220 I. 5
Being and Time

This term does not express any negative evaluation, but is used to signify that Dasein is proximally and for the most part alongside the 'world' of its concern. This "absorption in ..." [Aufgehen bei ...] has mostly the character of Being-lost in the publicness of the "they". Dasein has, in the first instance, fallen away [abgefallen] from itself as an authentic potentiality for Being its Self, and has fallen into the 'world'.1 "Fallenness" into the 'world' means an absorption in Being-with-one-another, in so far as the latter is guided by idle talk, curiosity, and ambiguity. Through the Interpretation of falling, what we have called the "inauthenticity" of [176] Dasein may now be defined more precisely. On no account, however, do the terms "inauthentic" and "non-authentic" signify 'really not',2 as if in this mode of Being, Dasein were altogether to lose its Being. "Inauthenticity" does not mean anything like Being-no-longer-in-the-world, but amounts rather to a quite distinctive kind of Being-in-the-world—the kind which is completely fascinated by the 'world' and by the Dasein-with of Others in the "they". Not-Being-its-self [Das Nicht-es-selbst-sein] functions as a positive possibility of that entity which, in its essential concern, is absorbed in a world. This kind of not-Being has to be conceived as that kind of Being which is closest to Dasein and in which Dasein maintains itself for the most part.
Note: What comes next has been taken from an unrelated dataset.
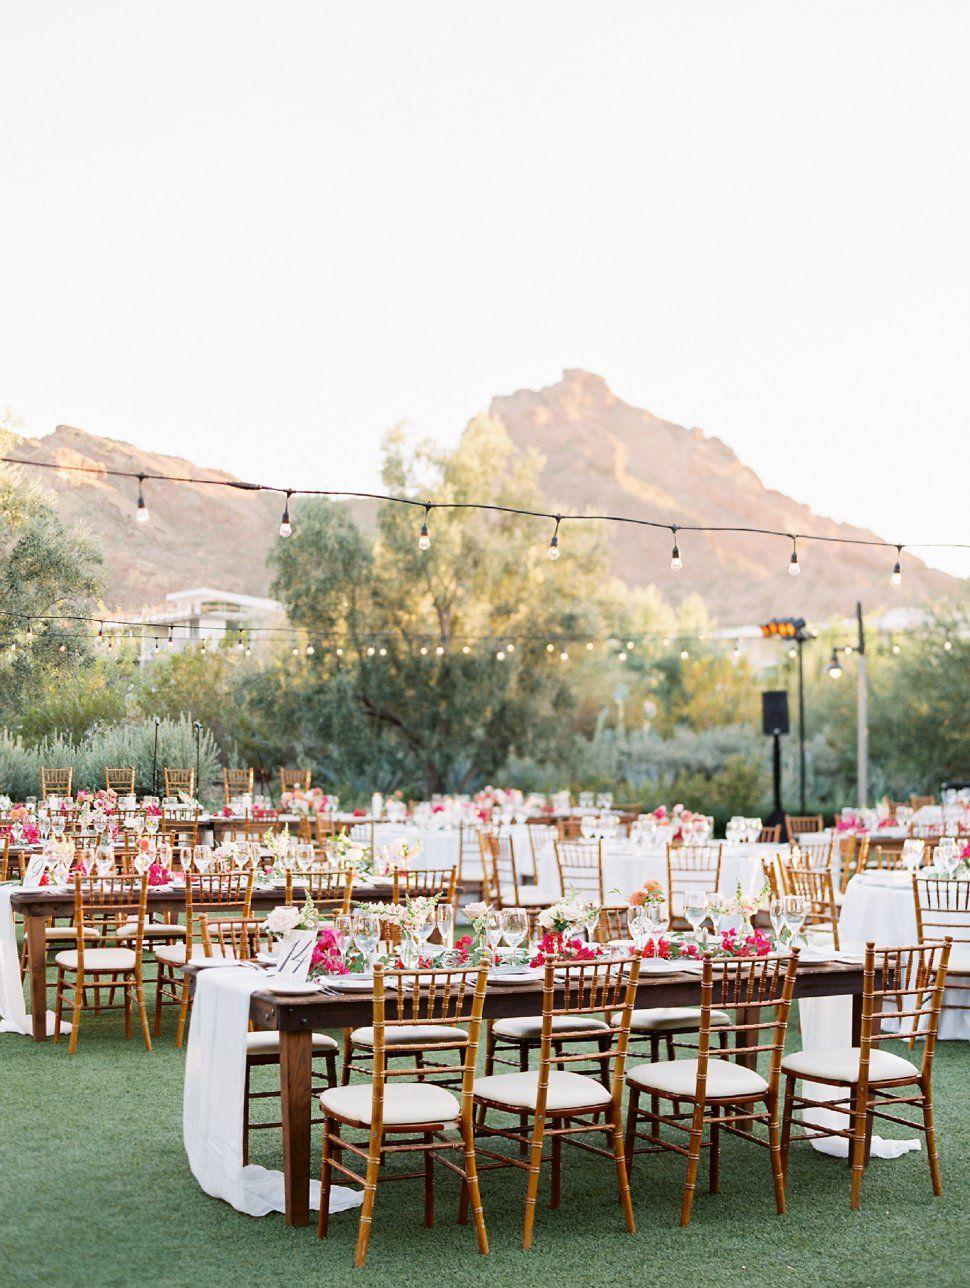 El Chorro Wedding Photos Rachel Solomon Photography Arizona Wedding Arizona Wedding Venues Outdoor Wedding Ceremony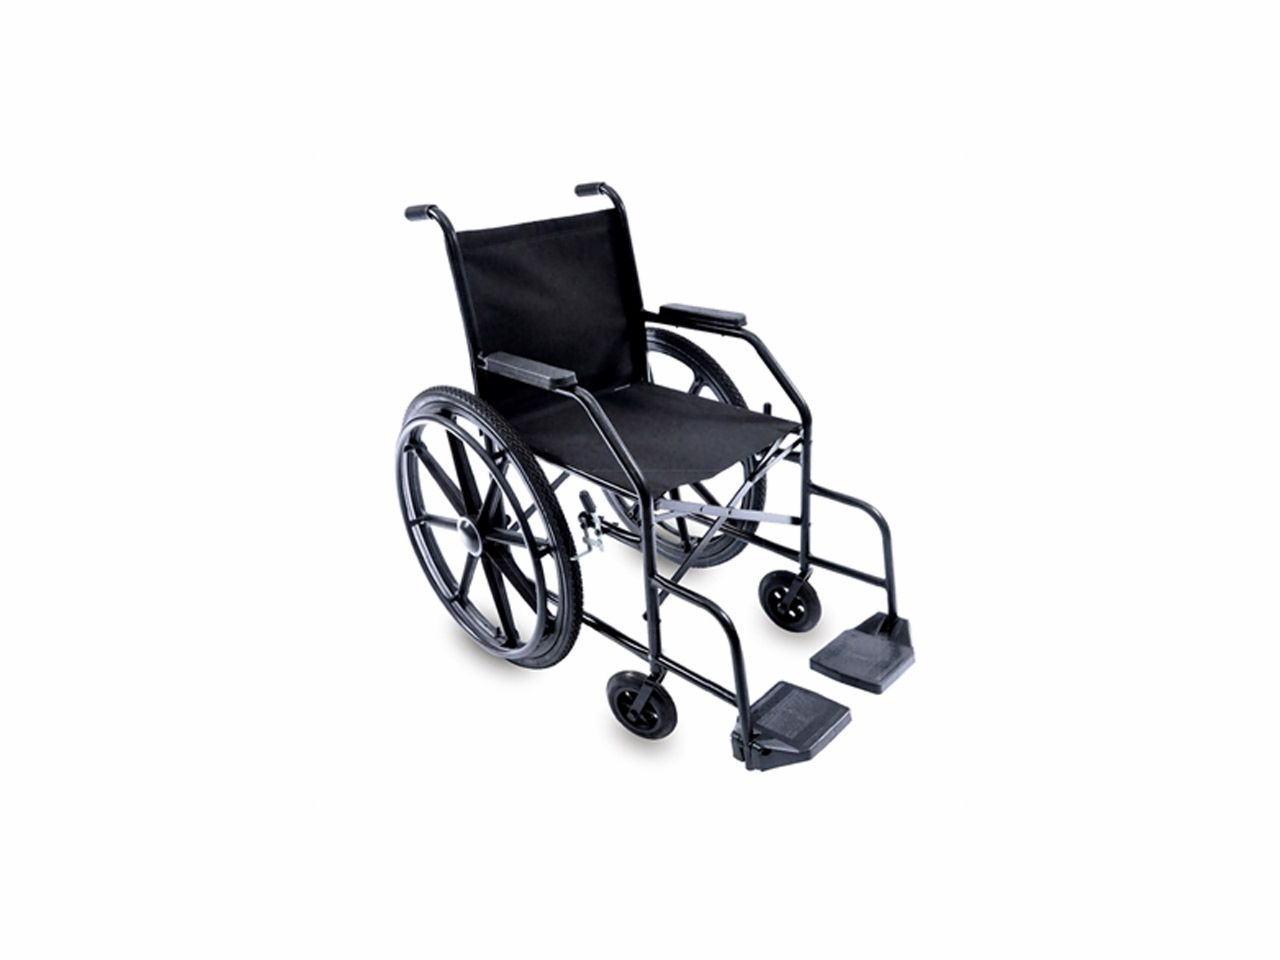 a6f76b261 Cadeira de Rodas Simples Modelo PL 001 - Prolife

So neither must we take the fallenness of Dasein as a 'fall' from a purer and higher 'primal status'. Not only do we lack any experience of this ontically, but ontologically we lack any possibilities or clues for Interpreting it.

In falling, Dasein itself as factical Being-in-the-world, is something from which it has already fallen away. And it has not fallen into some entity which it comes upon for the first time in the course of its Being, or even one which it has not come upon at all; it has fallen into the world, which itself belongs to its Being. Falling is a definite existential characteristic of Dasein itself. It makes no assertion about Dasein as something present-at-hand, or about present-at-hand relations to entities from which Dasein 'is descended' or with which Dasein has subsequently wound up in some sort of commercium.

We would also misunderstand the ontologico-existential structure of falling3 if we were to ascribe to it the sense of a bad and deplorable ontical property of which, perhaps, more advanced stages of human culture might be able to rid themselves.

1 '... und an die "Welt" verfallen.' While we shall follow English idioms by translating 'an die "Welt"' as 'into the "world"' in contexts such as this, the preposition 'into' is hardly the correct one. The idea is rather that of falling at the world or collapsing against it.

2 'Un- und nichteigentlich, bedeutet aber keineswegs "eigentlich nicht" ...'

3 'Die ontologisch-existenziale Struktur des Verfallens ...' The words 'des Verfallens' do not appear in the earlier editions.